La sonde LRO a photographié un nouveau cratère lunaire, formé à la suite de la chute d’un étage de fusée Falcon le 5 août dernier.

Une chute calculée :

On peut s’étonner qu’un morceau de fusée Falcon puisse terminer sa course sur la Lune. Pourtant, bien que ce lanceur serve principalement à mettre en orbite terrestre des grappes de satellites, il peut aussi emmener sa charge utile beaucoup plus loin. C’est par exemple ce qui s’est passé avec le modèle 2025-010. En effet, le 15 janvier 2025, le dixième lancement de l’année a propulsé vers la Lune Blue Ghost et Hakuto-R. Il s’agit de deux atterrisseurs lunaires qui ont fait le voyage à bord du second étage du lanceur.

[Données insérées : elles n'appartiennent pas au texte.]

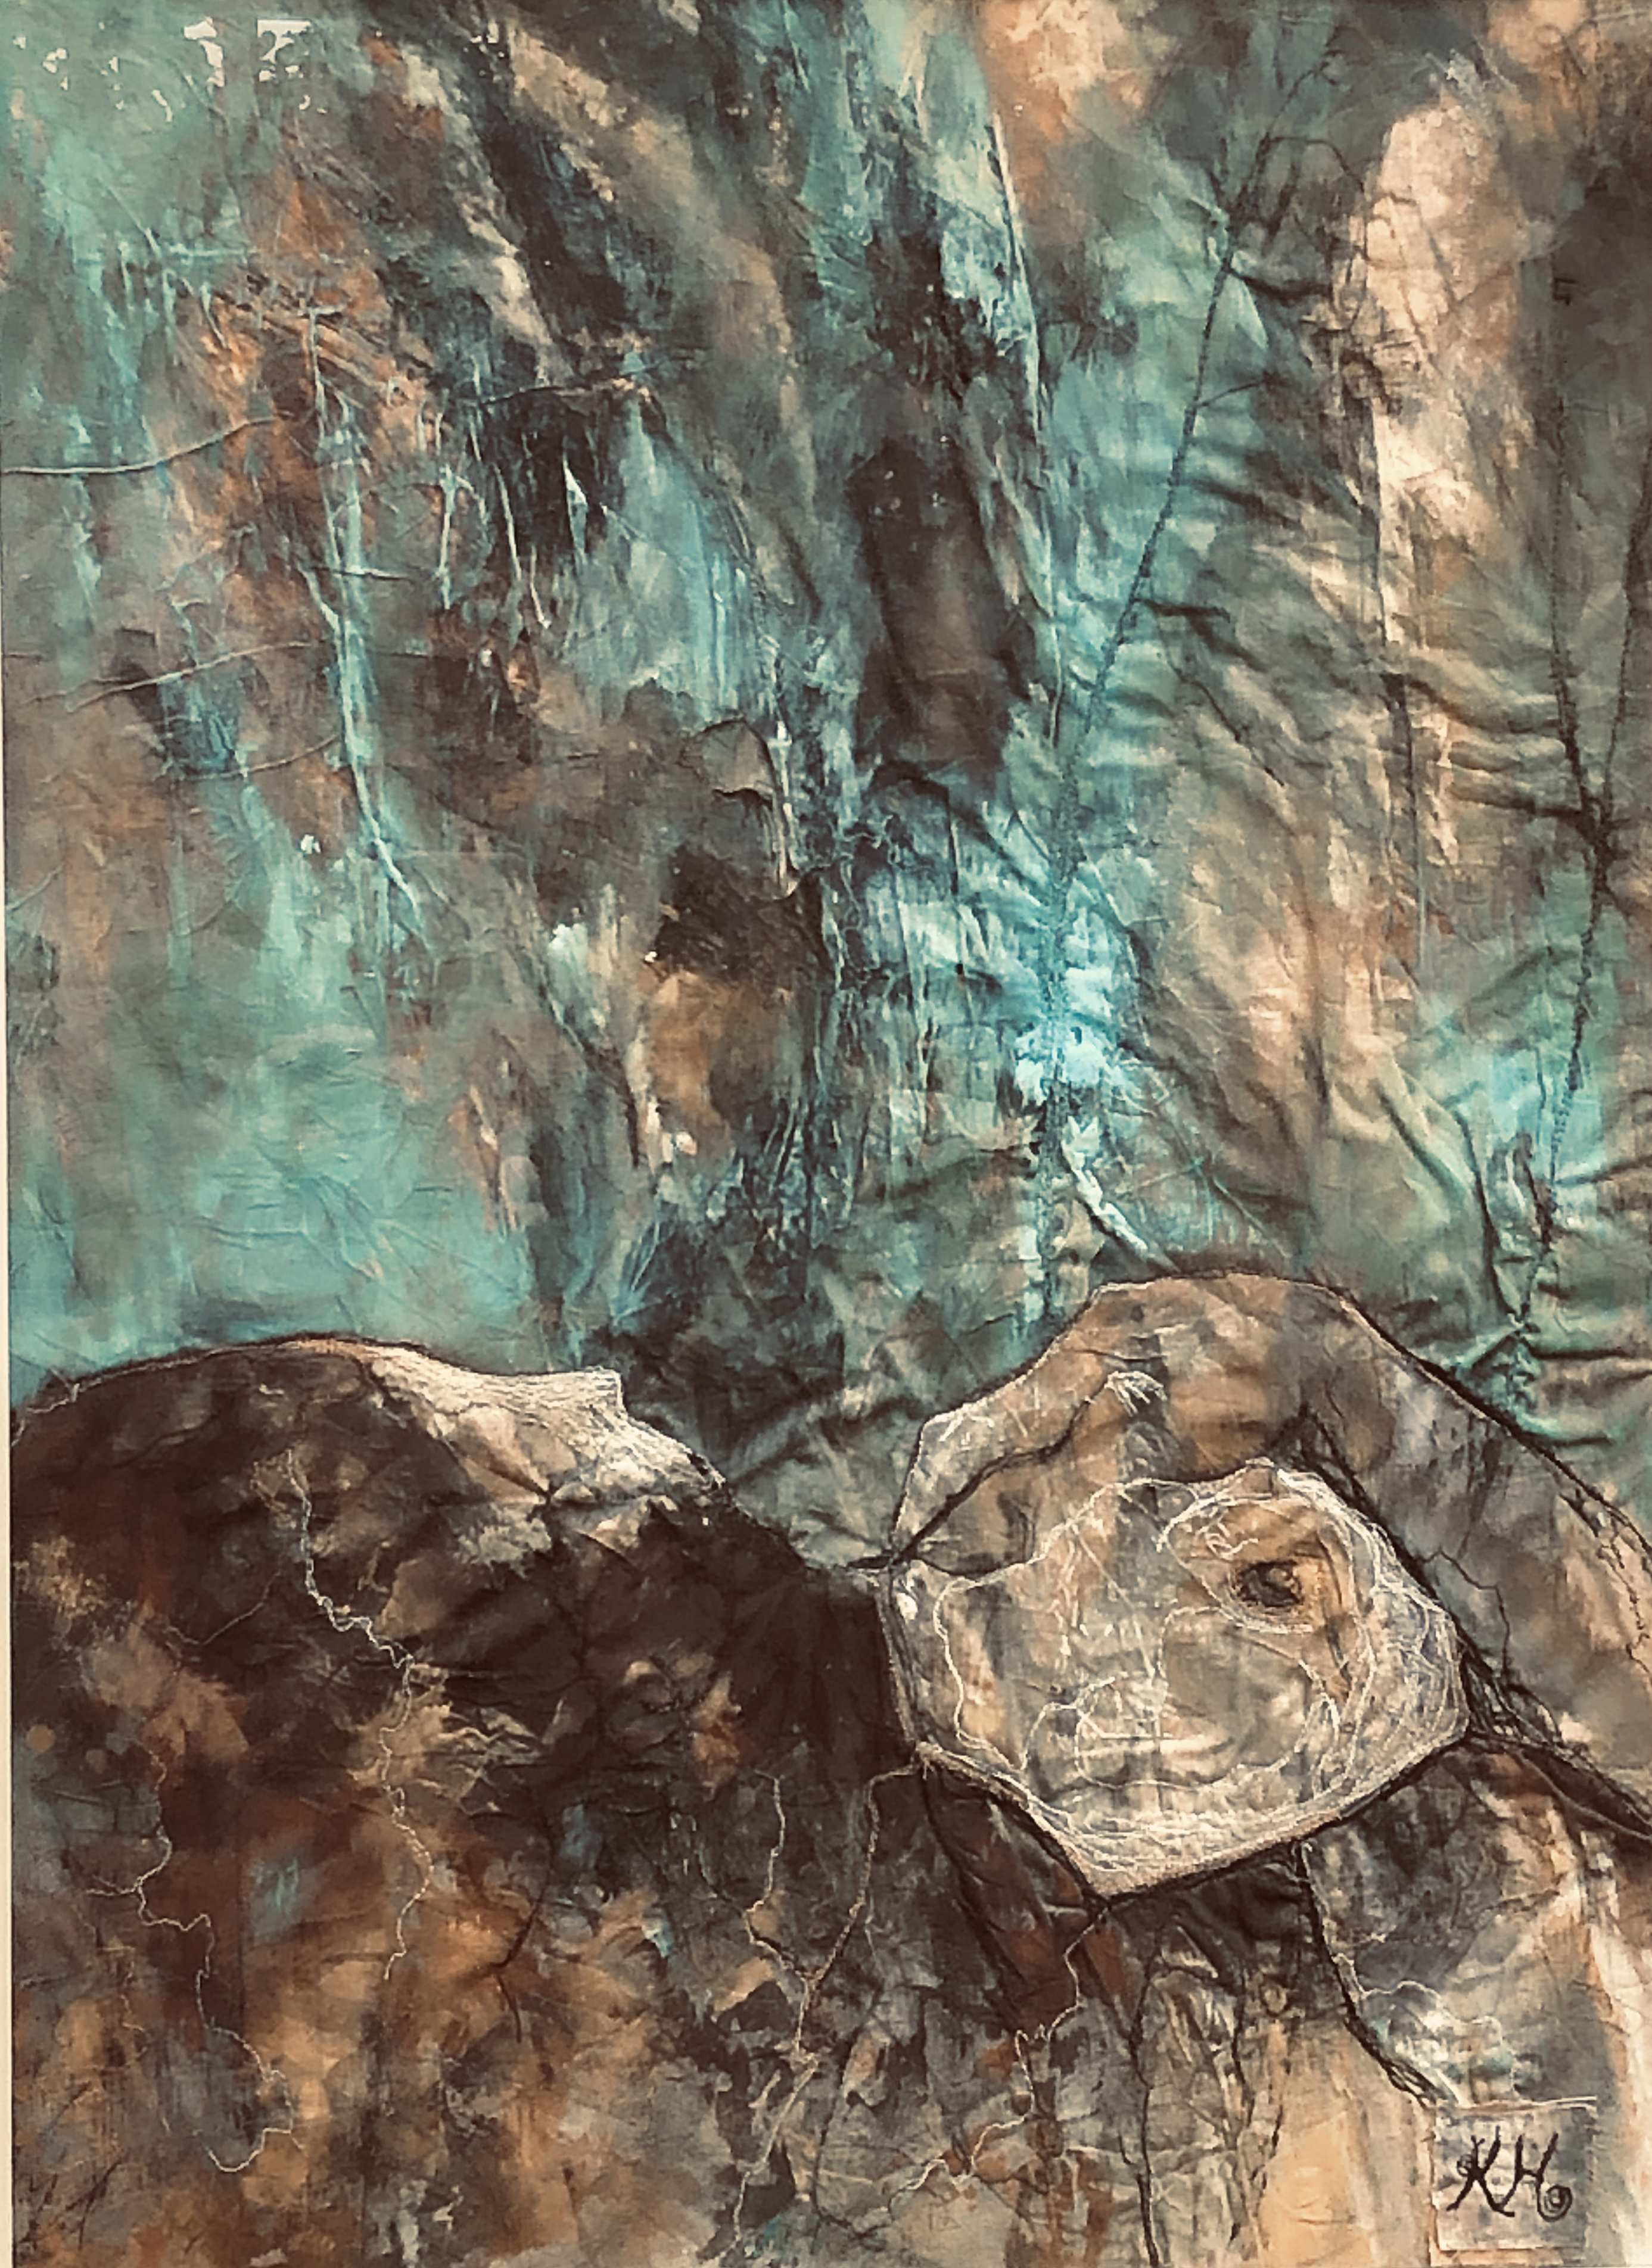 'Cerulean Cave'

C’est alors qu’est entré en scène Bill Gray, un astronome américain spécialisé dans les logiciels de calculs d’orbite. Il a annoncé que le second étage en question s’écraserait sur la Lune le 5 août 2026 (une semaine avant la grande éclipse solaire) :

Point d’impact du second étage d’un lanceur Falcon 9 le 5 août 2026. Project Pluto.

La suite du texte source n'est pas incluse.